When a spouse dies, we gather around the one left behind. We visit, we bring food, we try to think of ways to fill that void in the lonely soul starting a new life and assist where they flounder. Death and being left behind is something all couples must consider and half of every couple will have to face eventually. Many of us begin preparing our hearts for that possibility early in life—to ward off total devastation and to not feel totally helpless in the event we would be the one left behind.
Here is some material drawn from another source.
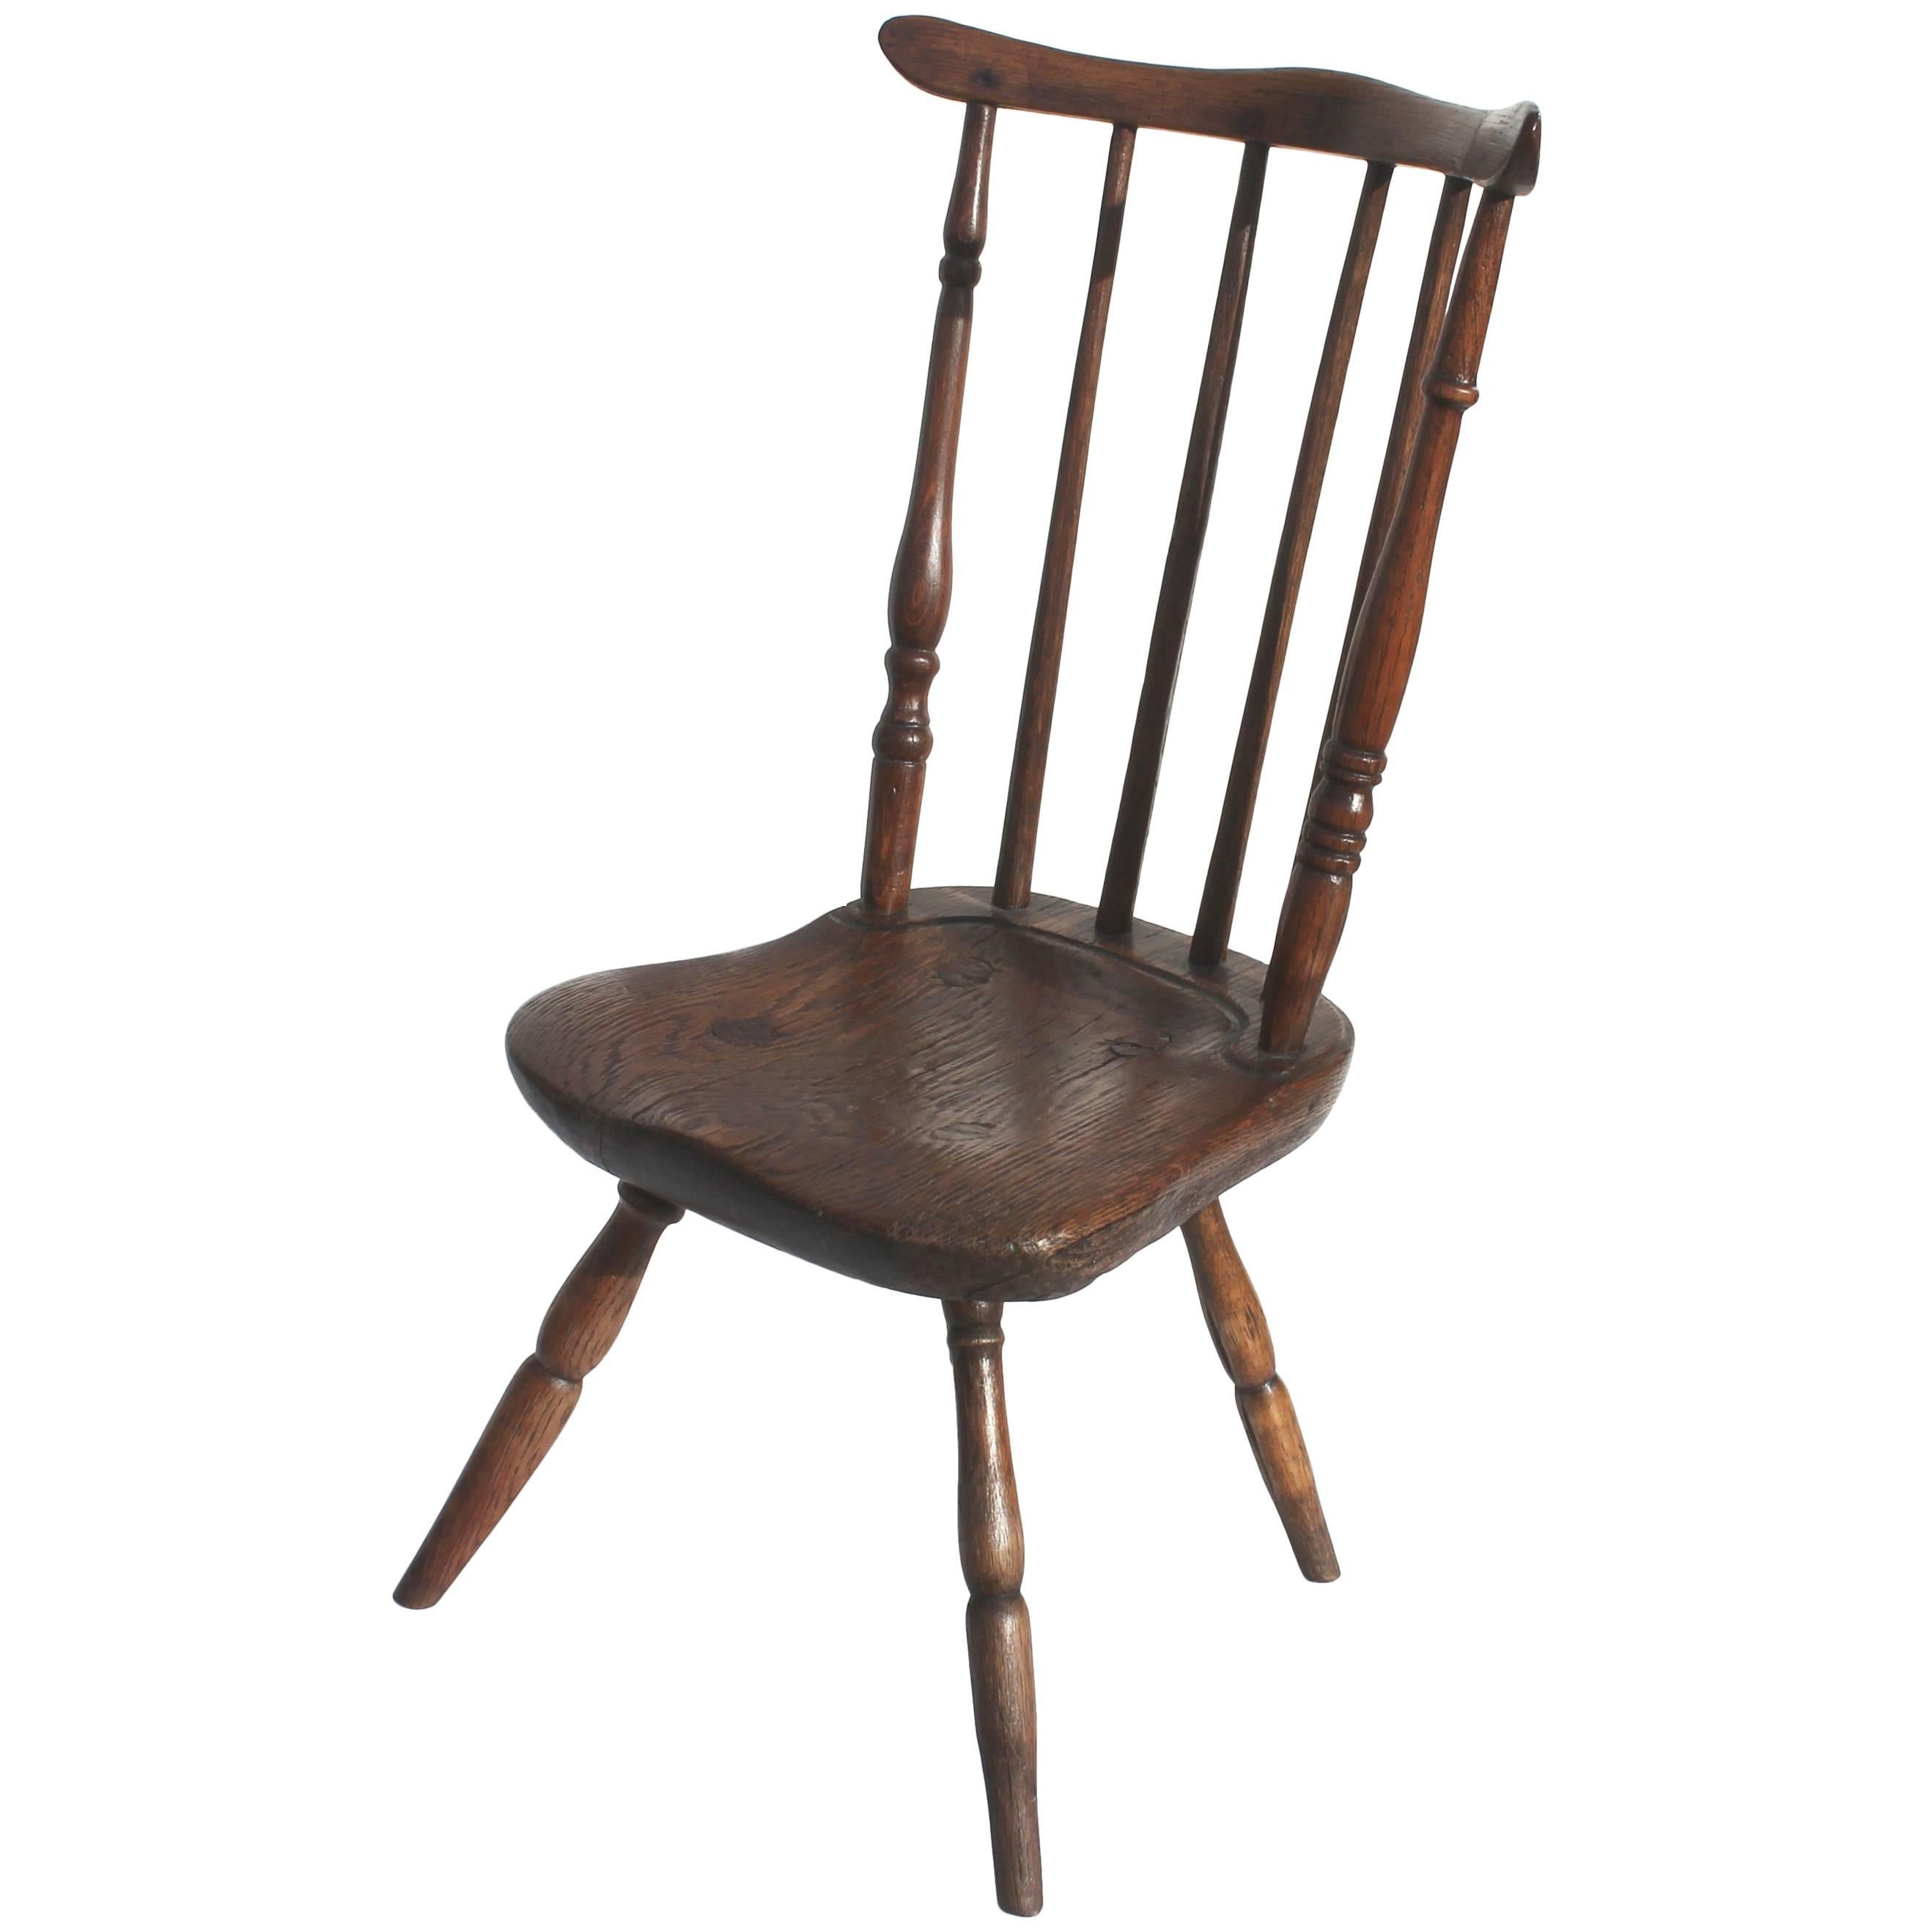 Early and Rare 19th Century Rare Child's Windsor Chair For Sale

But do we ever consider what our lives would be like if we should be rejected? If our spouse walked out with life intact? I admit, that’s not something any of us want to think about, and as followers of Christ, it’s not the norm (thank God!), but it happens. And there we are—not only alone, but questioning our worth and questioning if we did something wrong or if we could have done something better. And who’s there to help with closure, with the lonely days and nights dealing with rejection as well as unwanted single life once more? Too often that person is left to fend for themselves and is even often somewhat shunned or judged by the very ones who should be coming alongside to strengthen and encourage—our very sisters and brothers in Christ!

Why do we do this? I think it is quite normal to shun what we don’t know how to deal with, but that doesn’t make it go away and does not change the facts. As followers of Christ, we need to look for opportunities to strengthen one another and assist one another, even the areas that make us uncomfortable and feeling awkward. Yes, there are often help groups for divorced people in churches, but does that provide all the assistance they need? What about friendship? What about assisting with errands, babysitting, home repairs, even housekeeping when the single person now has to earn a living as well as doing all the rest for themselves without a partner to assist and trade off with? Should we not have groups to step in and help long-term?
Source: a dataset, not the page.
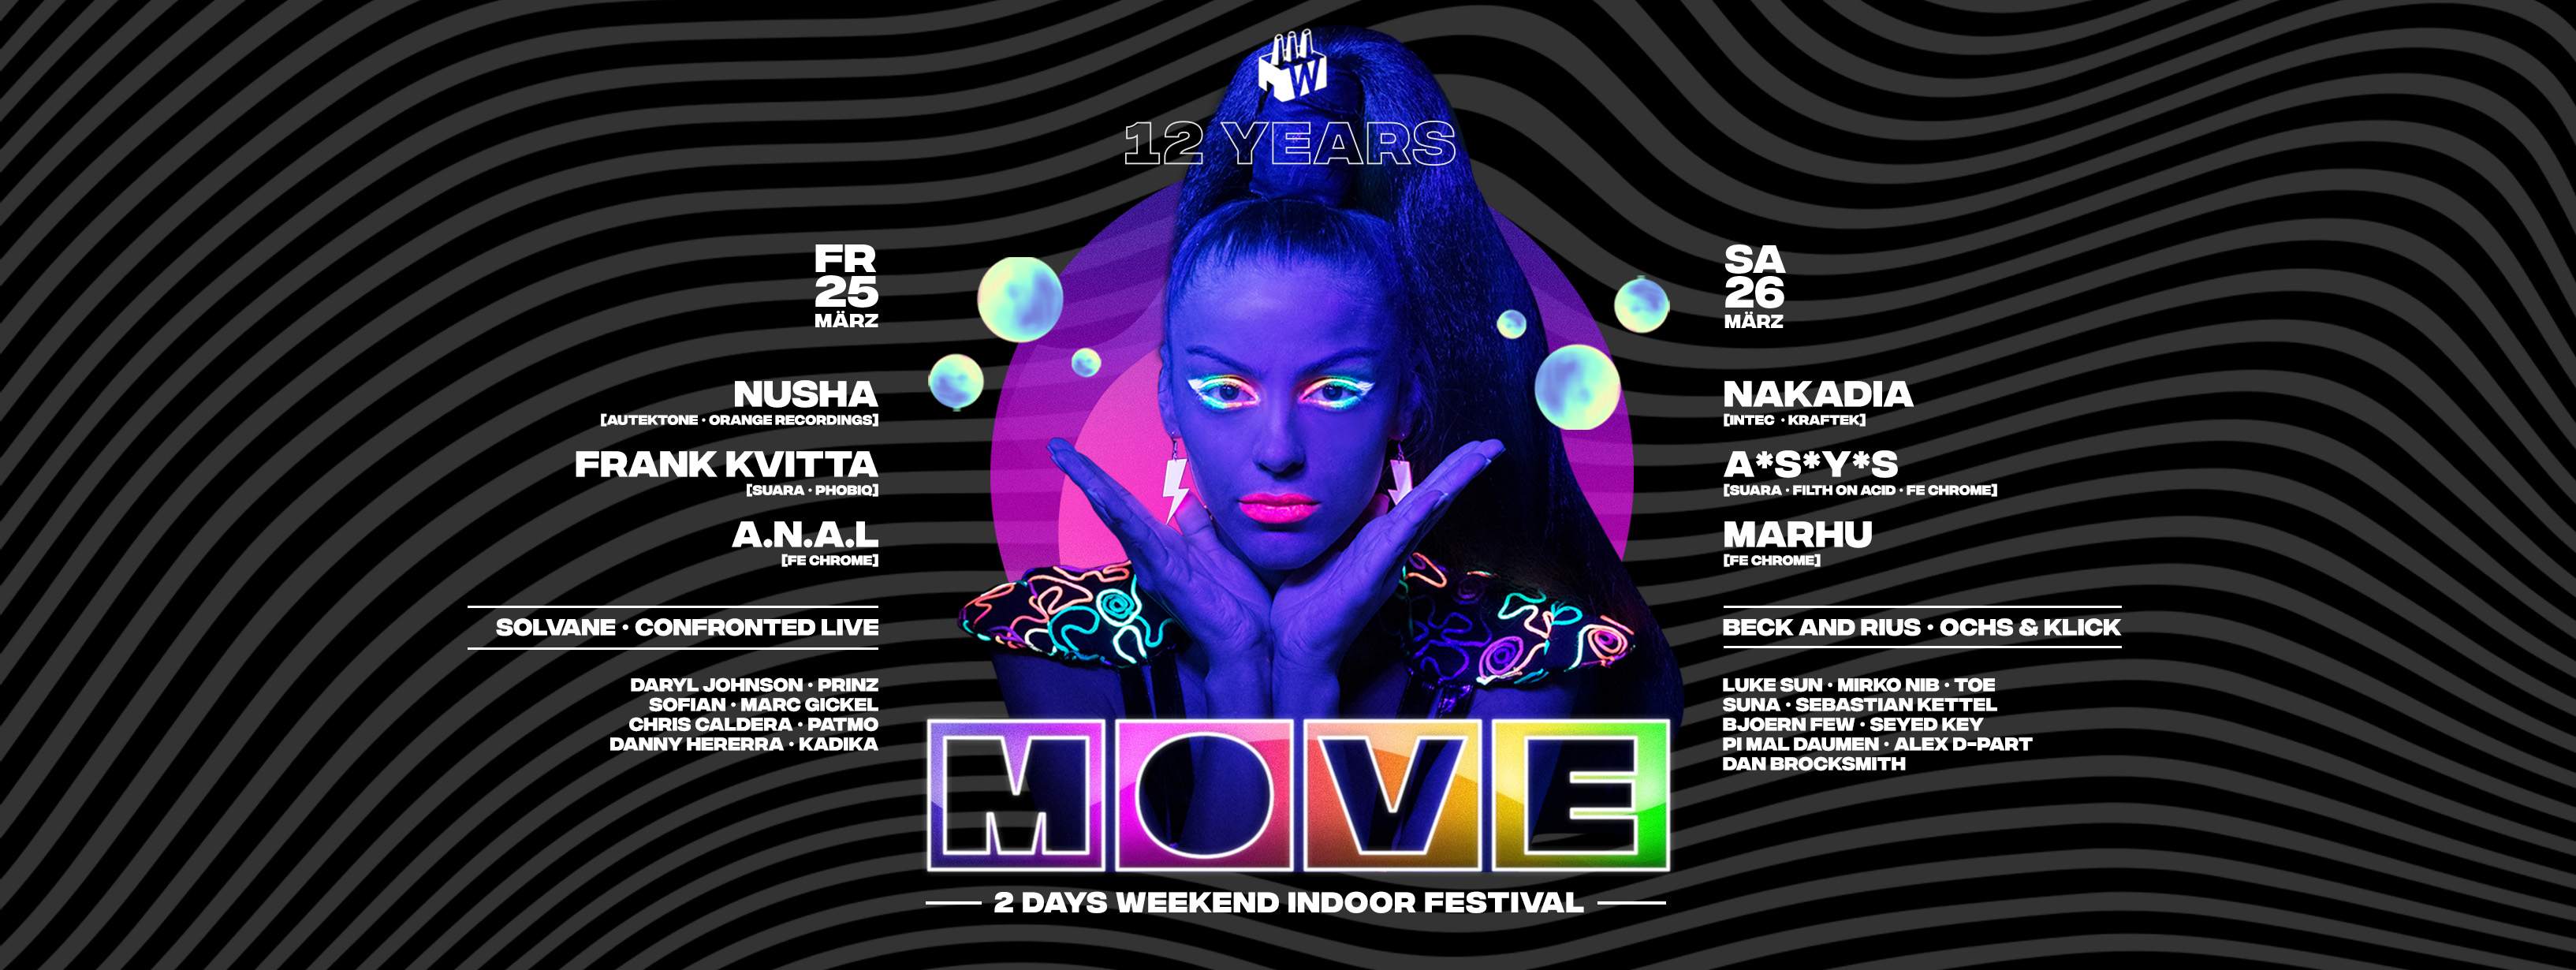 MOVE - 12 Years - 2 Days Wknd Indoor Festival - フライヤー裏

And not only within your church, but if we find a close friend of ours in this situation, I think it’s a no-brainer! We suddenly have a new job. A new responsibility to be there for this person—not only to be there to assist physically, but to be their listener, their encourager, even their ‘touch-er’. It’s a proven fact that touch is a very important part of our make-up and is needed by all of us—not just the touch that happens accidentally as you hand something to someone, but I’m talking about love-touching.

SO much focus has been put on inappropriate touching these days that we’ve swung way too far the opposite way for good health! I am so very thankful for my lady friends that hug me when they come and again when they leave. And I’m thankful for the gentle hug of a dear godly man now and again at church or in get-togethers with friends. When I was a child, my girlfriend and I always held hands as we walked to and from school together. There is a special bonding in touch of this kind, an assurance of acceptance and love that we all need to be emotionally balanced. Yes, I feel the need for this in spite of having a loving husband. How much more must my lonely friend have need of loving touch?

I guess I’m writing this today just to encourage us all to think of someone we know in this situation, and then to be intentional about coming alongside of them in every way we can. Hebrews 3:13 says: “But encourage one another daily…so that none of you may be hardened by sin’s deceitfulness.” Not only will it be good for the one being encouraged, but it will be rewarding for the ‘encourager’ as well!